Their work and their interactions with naive tourists are brilliantly rendered/delineated by Carlson, as are the fights which routinely break out between and amongst various runners on these trains, all fighting for a limited amount of business–and survival.

But the relationships that develop amongst these three adolescents is utterly beautiful, as each of the three truly loves each of the other three.  The young woman is completely comfortable with the same sex relationship between the two men; there are ambiguous moments, too,  wherein she and one of the men also fall into an occasional sexual relationship. Each of the three does, really, reflect the background from which he or she came, and the rich Etonian’s inability to stop spending limited monies on luxuries is particularly well described; he is the truly self-destructive one of the three.  These three will lose one another, as they wander from place to place, but near the end, two do find one another, and will live almost paradisically for awhile on a Greek island, in some of the most beautiful writing about relationships on the lam that I’ve read since the sixties.  Running is a very powerful book, more than the reader may be prepared for; the minimalist writing is the reason for the strong emotional charge the reader will get while reading this novel.  And even though the black man will end up teaching and writing poems and stories about his life, back in New York, he will never cease longing for the other two travelers of his youth, nor will he ever find them again.

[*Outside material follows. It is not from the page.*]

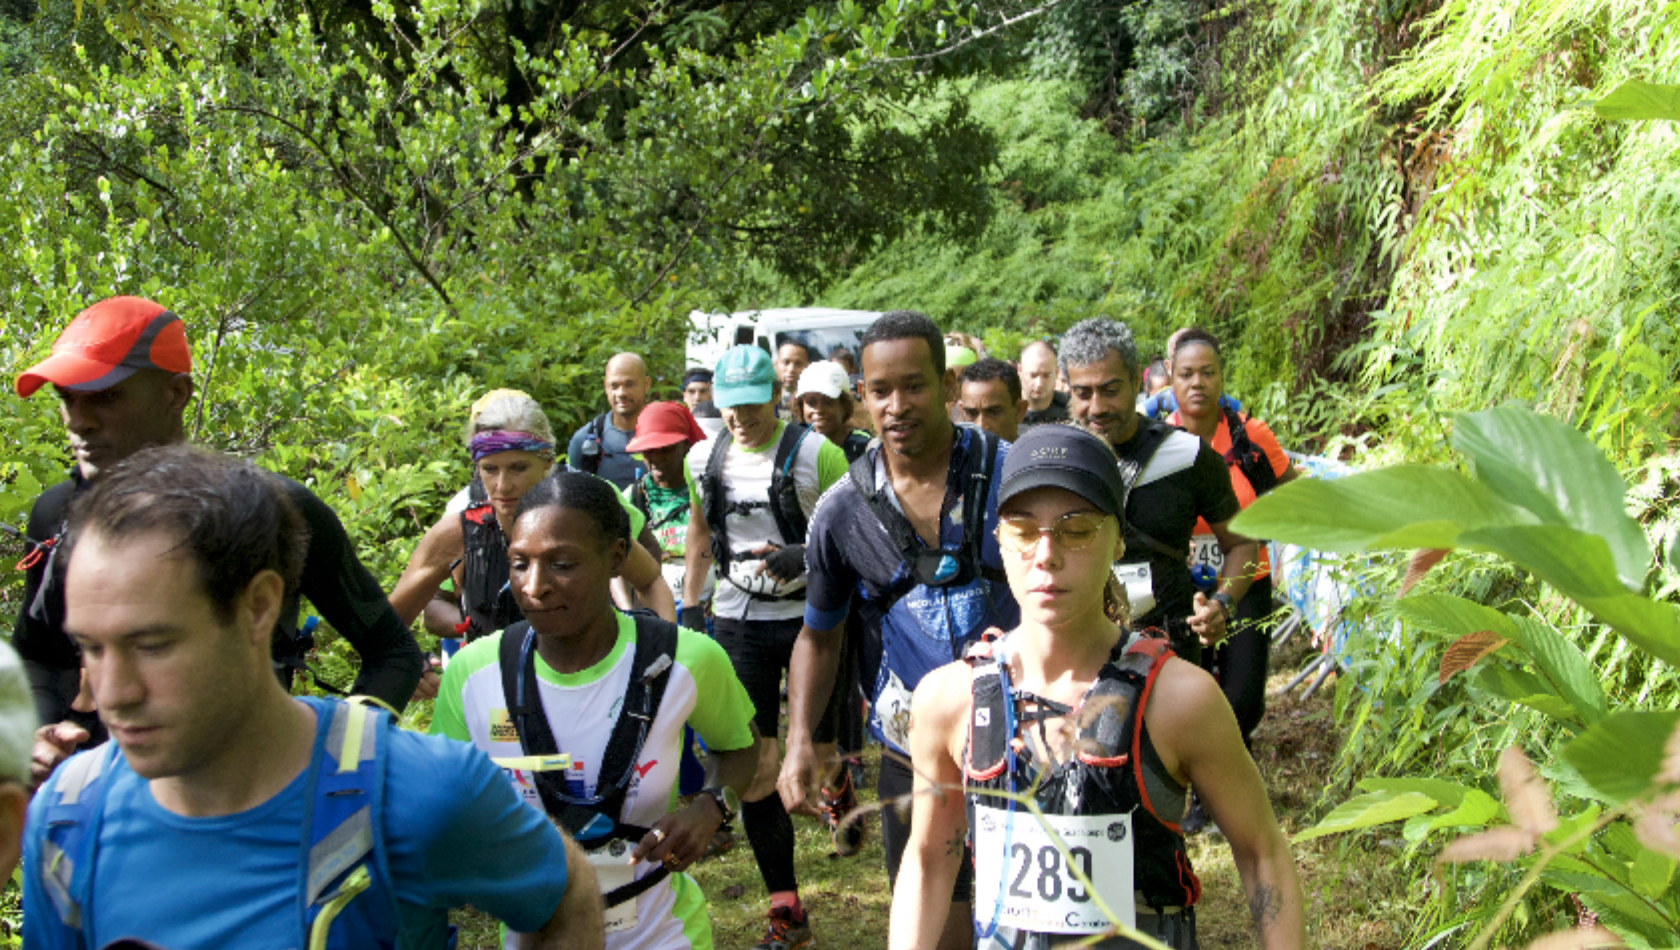     Pour ses 10 ans, l’Ultra Trace Guadeloupe innove avec une épreuve de 100 kms

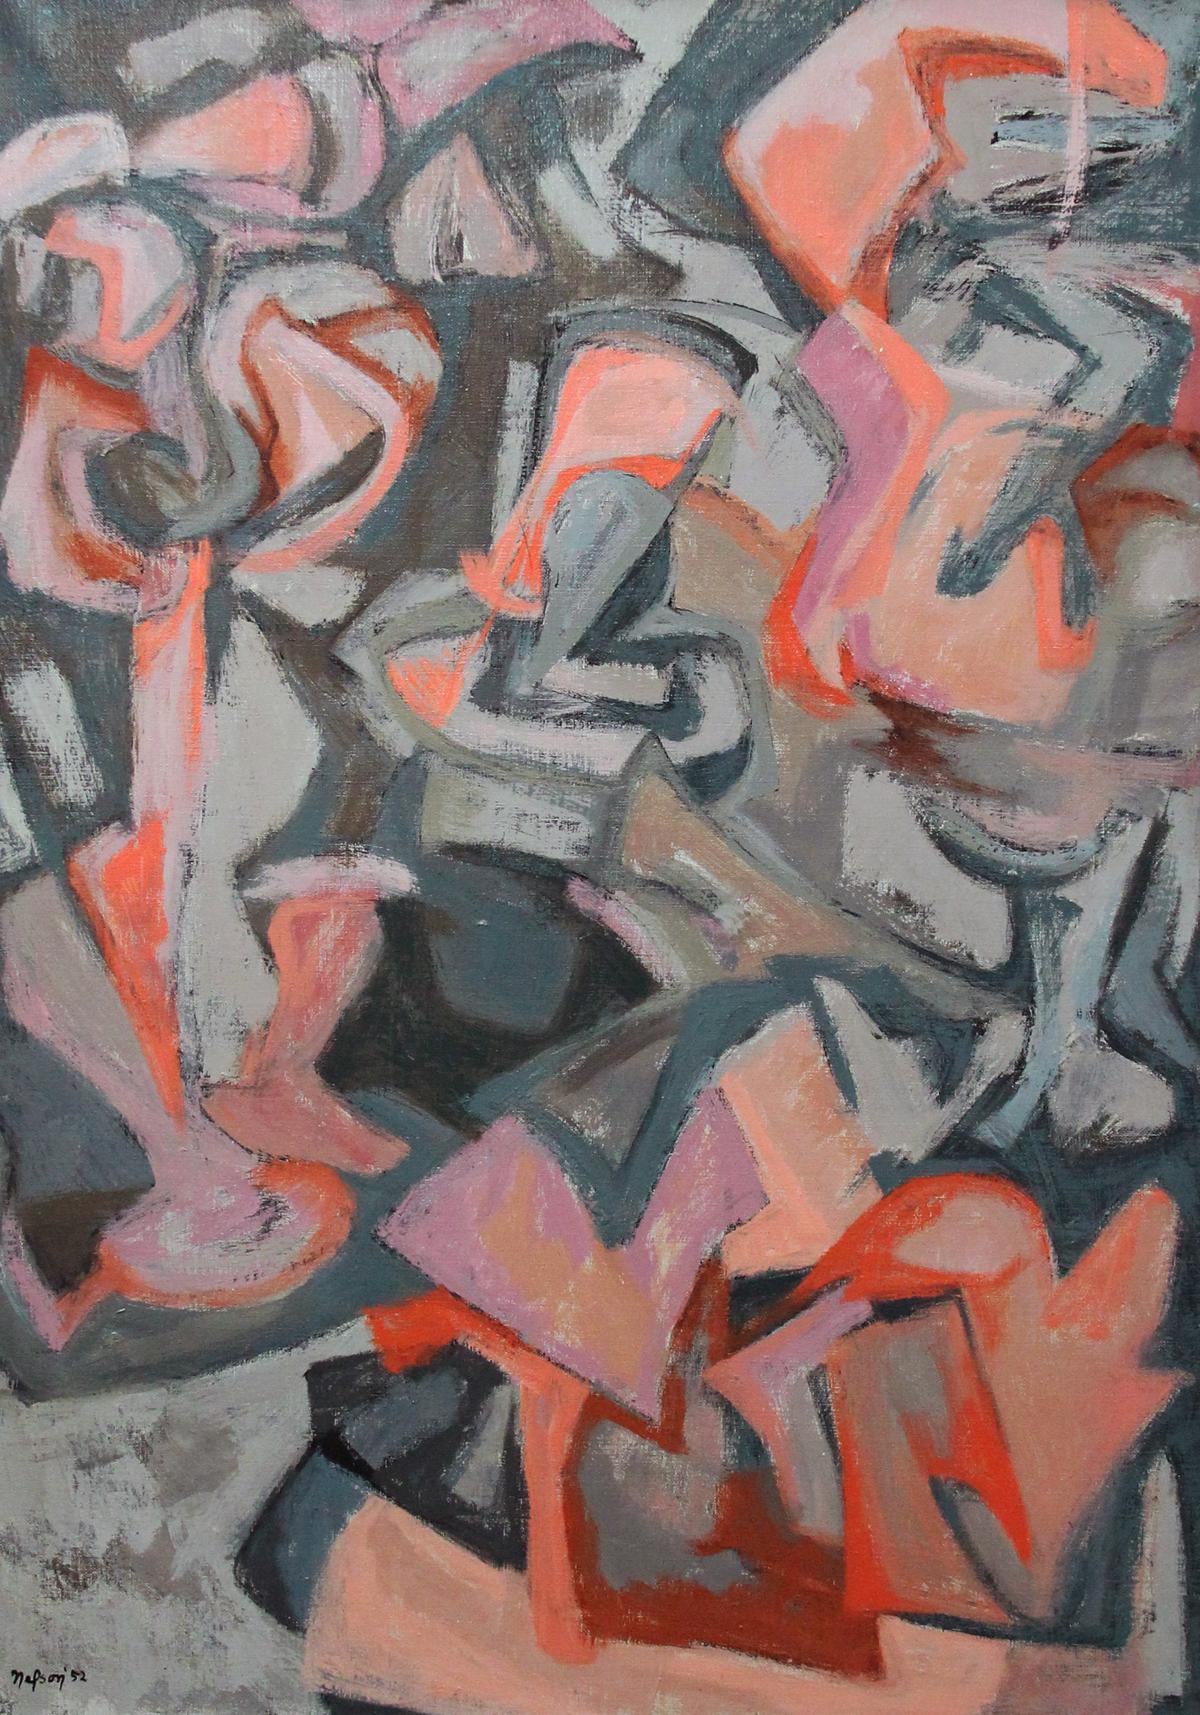 Les concurrents, huile sur toile figurative abstraite moderniste américaine, 1952 - Painting de Leonard Nelson

“Running” is thus a truly exceptional rite of passage novel.  The three main characters (and some of the secondary characters with whom they interact) are brilliantly rendered; we are sympathetic to them, if occasionally annoyed, too; these three really do represent a kind of floating underclass wandering around and through large urban centers all over the world, barely surviving, often on drugs and alcohol, but they possess that invulnerability so common to late teenage years, and Carlson’s got their characters so well drawn that we find ourselves really rooting for them.  You’ll be amazed at how much this novel will move you; Kate Carlson’s written quite an exceptional and strong novel in “Running”, which I recommend wholeheartedly.